程遠誌的幾個壯漢見狀大呼:“殺人啦!”他們紛紛從地上爬起,跑向院外。
一個壯漢見常歌、羅貫中沒有追出來,扭頭喊道:“你們等著吧!我們這就去縣裏報官。”
常歌對著羅貫中苦笑一聲:“羅先生,看來咱們是走不了了。咱們一走,當地官府肯定會拿了老人家問罪。”

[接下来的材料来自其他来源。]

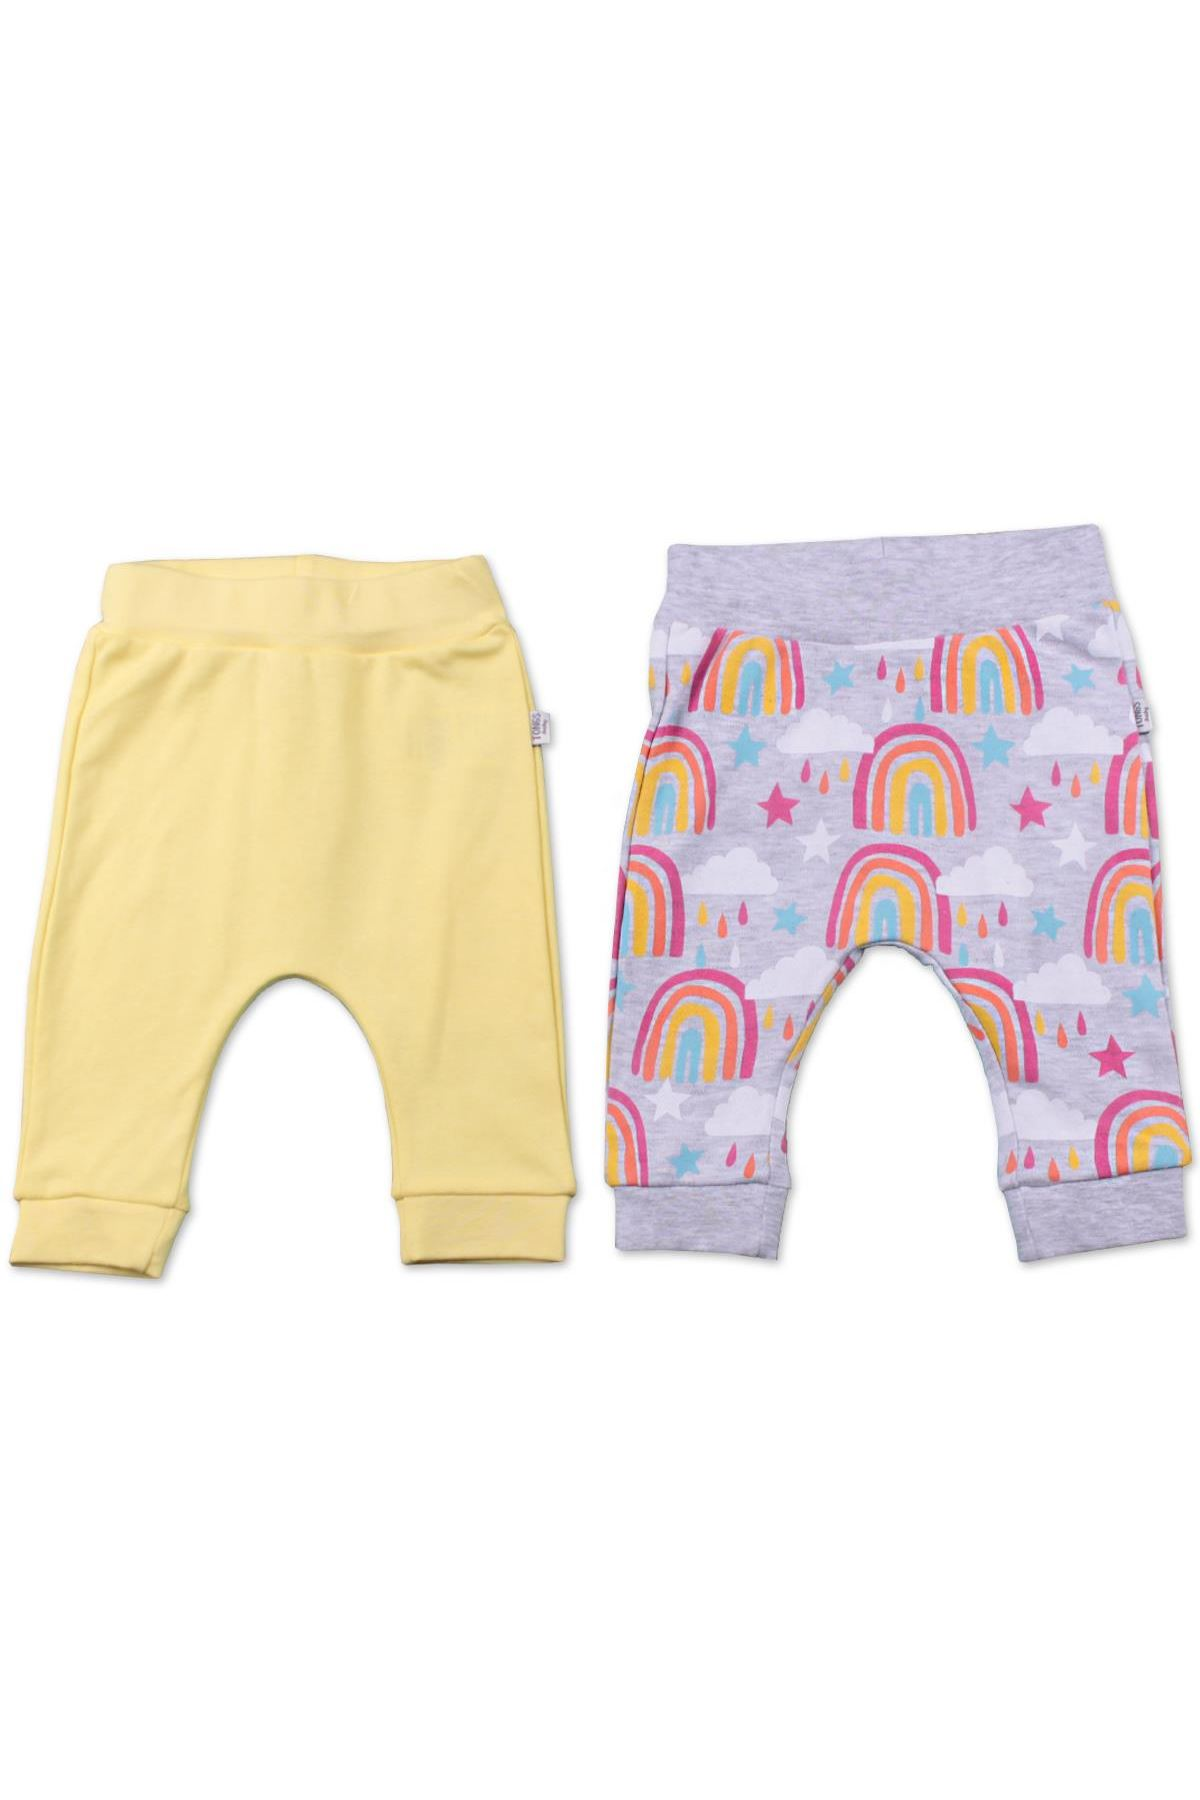 Tongs Baby Tek Alt Pantolon 3130 Sarı

羅貫中微微頷首:“那咱們就在這兒等當地官府上門吧。我一人做事一人當。”
常歌笑道:“放心,有我這個都尉府千戶在,他們不敢拿您怎麽樣。”隨後常歌又抱怨道:“羅先生,您下手也忒狠了些。我本不想鬧出人命,耽誤了咱們的行程。”
羅貫中有些無奈:“我哪知道這人長得五大三粗,這麽不經打。這可真應了李白的詩,銀鞍照白馬,颯塌如流星。十步殺一人,千裏不留行。事了拂衣去,深藏功與名。”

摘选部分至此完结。